Em muitos casos o problema não está na criança, mas no professor que elabora problemas com enunciados inadequados para a idade cognitiva da criança.
Carraher afirma que:
"Vários estudos sobre o desenvolvimento da criança mostram que termos quantitativos como "mais", "menos", maior", "menor" etc. são adquiridos gradativamente e, de início, são utilizados apenas no sentido absoluto de "o que tem mais", "o que é maior" e não no sentido relativo de " ter mais que" ou "ser maior que". A compreensão dessas expressões como indicando uma relação ou uma comparação entre duas coisas parece depender da aquisição da capacidade de usar da lógica que é adquirida no estágio das operações concretas"..."O problema passa então a ser algo sem sentido e a solução, ao invés de ser procurada através do uso da lógica, torna-se uma questão de adivinhação" (2002, p. 72).
No entanto, em outros casos a dificuldade pode ser realmente da criança e trata-se de um distúrbio e não de preguiça como pensam muitos pais e professores desinformados.

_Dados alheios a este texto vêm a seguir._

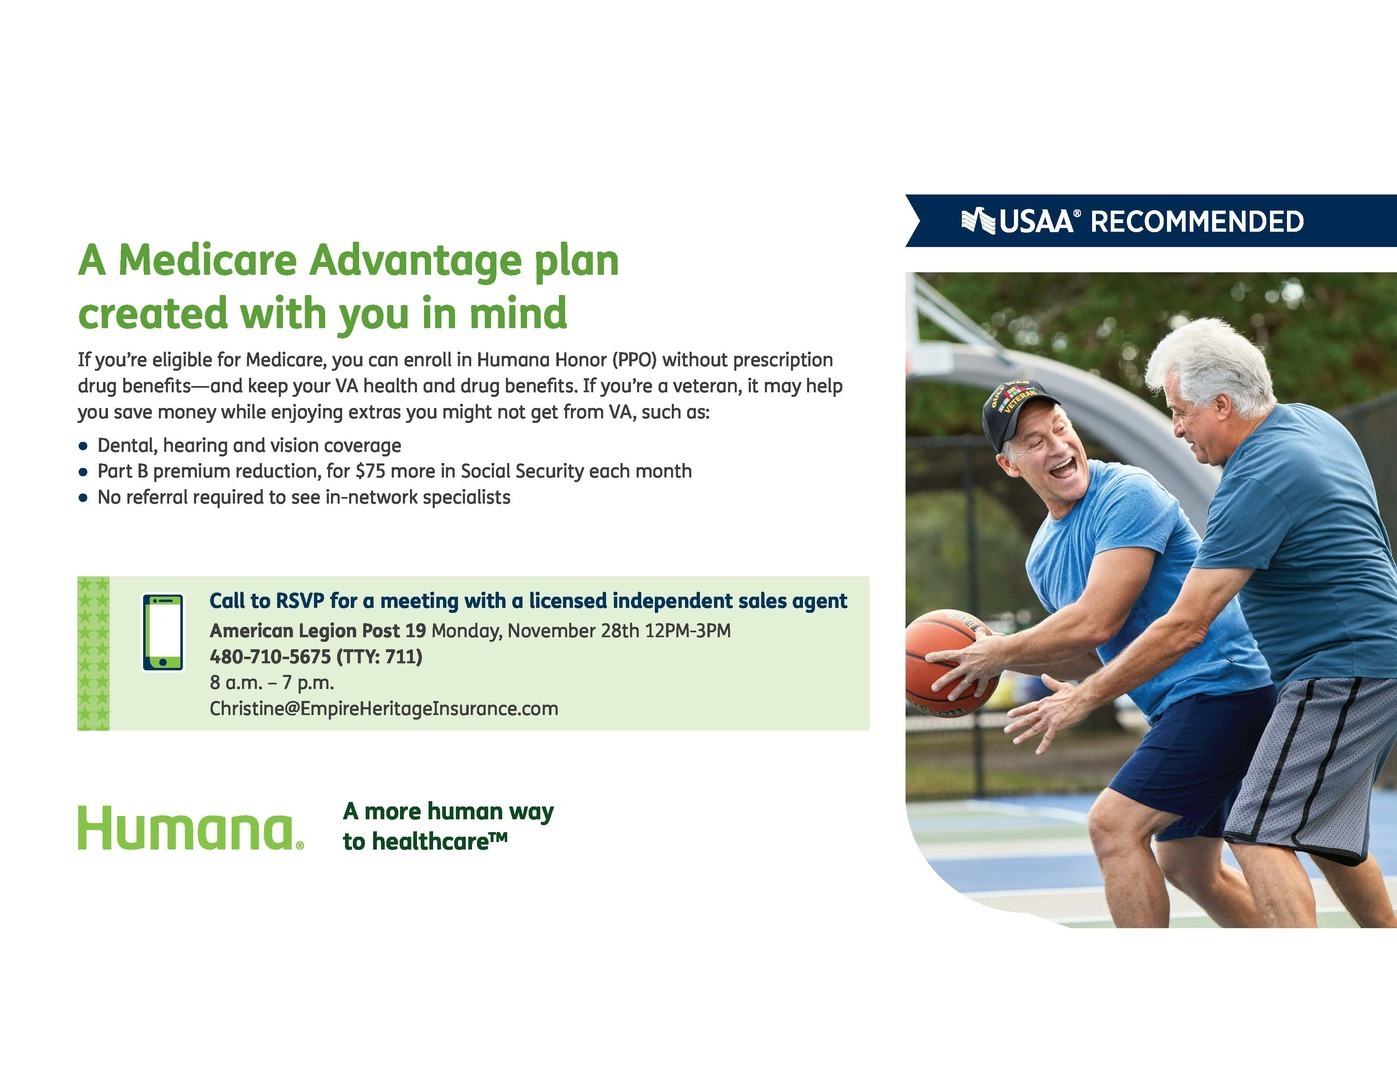 VA Clinic Alternative Care Available, Yuma, Arizona, United States

Em geral, a dificuldade em aprender matemática pode ter várias causas.
De acordo com Johnson e Myklebust, terapeutas de crianças com desordens e fracassos em aritmética, existem alguns distúrbios que poderiam interferir nesta aprendizagem:
- Distúrbios de memória auditiva:
- A criança não consegue ouvir os enunciados que lhes são passados oralmente, sendo assim, não conseguem guardar os fatos, isto lhe incapacitaria para resolver os problemas matemáticos.

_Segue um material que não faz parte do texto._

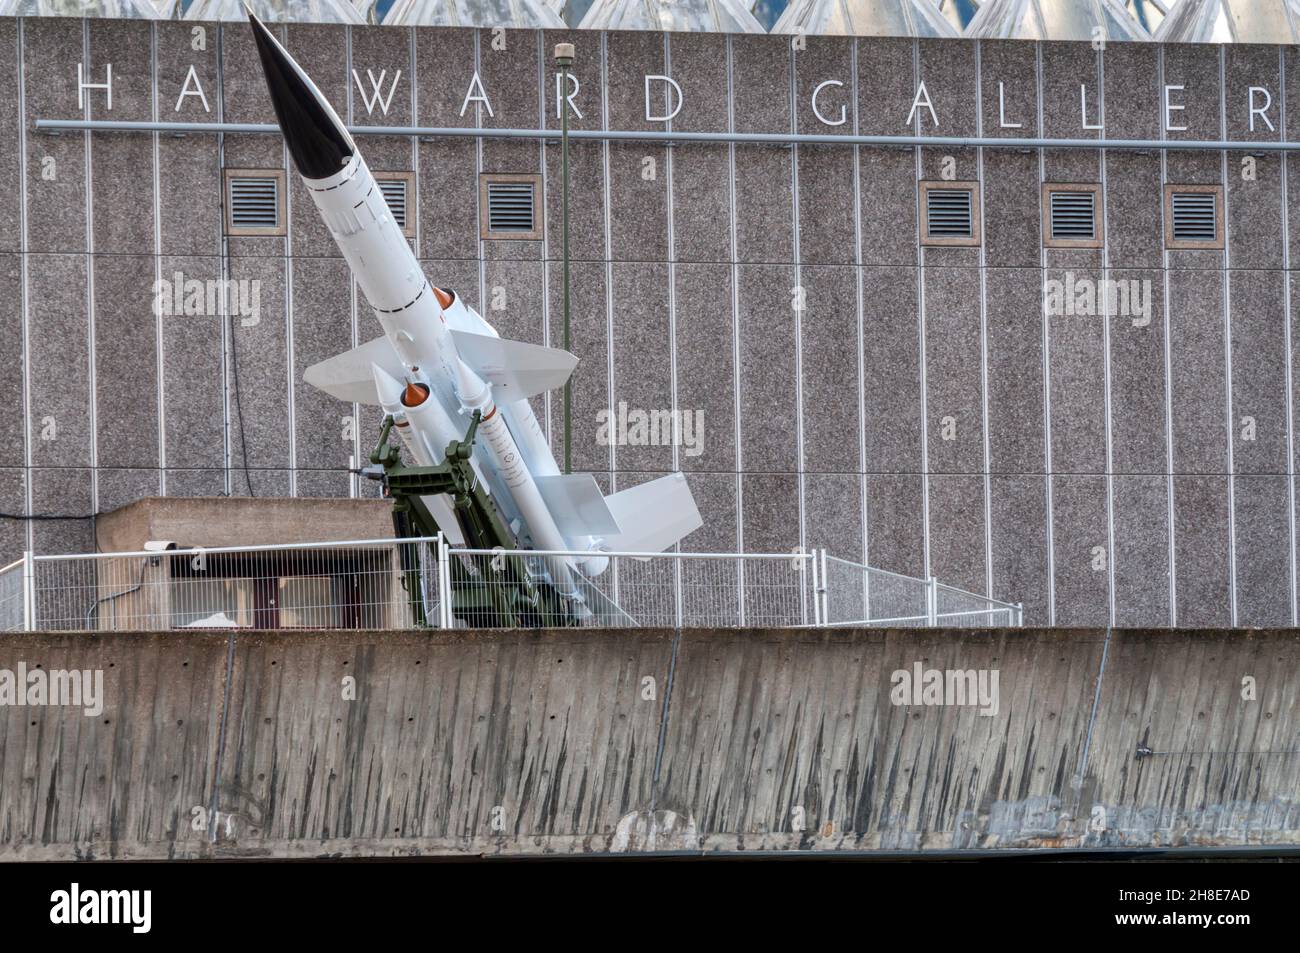 Missile à la galerie Hayward dans le cadre de l'histoire est maintenant exposé à la veille de l'élection générale de 2015.Exposition organisée par Richard Wentworth. Banque D'Images

- Problemas de reorganização auditiva: a criança reconhece o número quando ouve, mas tem dificuldade de lembrar do número com rapidez.
- Distúrbios de leitura:
- Os dislexos e outras crianças com distúrbios de leitura apresentam dificuldade em ler o enunciado do problema, mas podem fazer cálculos quando o problema é lido em voz alta. É bom lembrar que os dislexos podem ser excelentes matemáticos, tendo habilidade de visualização em três dimensões, que as ajudam a assimilar conceitos, podendo resolver cálculos mentalmente mesmo sem decompor o cálculo. Podem apresentar dificuldade na leitura do problema, mas não na interpretação.
- Distúrbios de percepção visual: a criança pode trocar 6 por 9, ou 3 por 8 ou 2 por 5 por exemplo. Por não conseguirem se lembrar da aparência elas têm dificuldade em realizar cálculos.
- Distúrbios de escrita:
- Crianças com disgrafia têm dificuldade de escrever letras e números.
Estes problemas dificultam a aprendizagem da matemática, mas a discalculia impede a criança de compreender os processos matemáticos.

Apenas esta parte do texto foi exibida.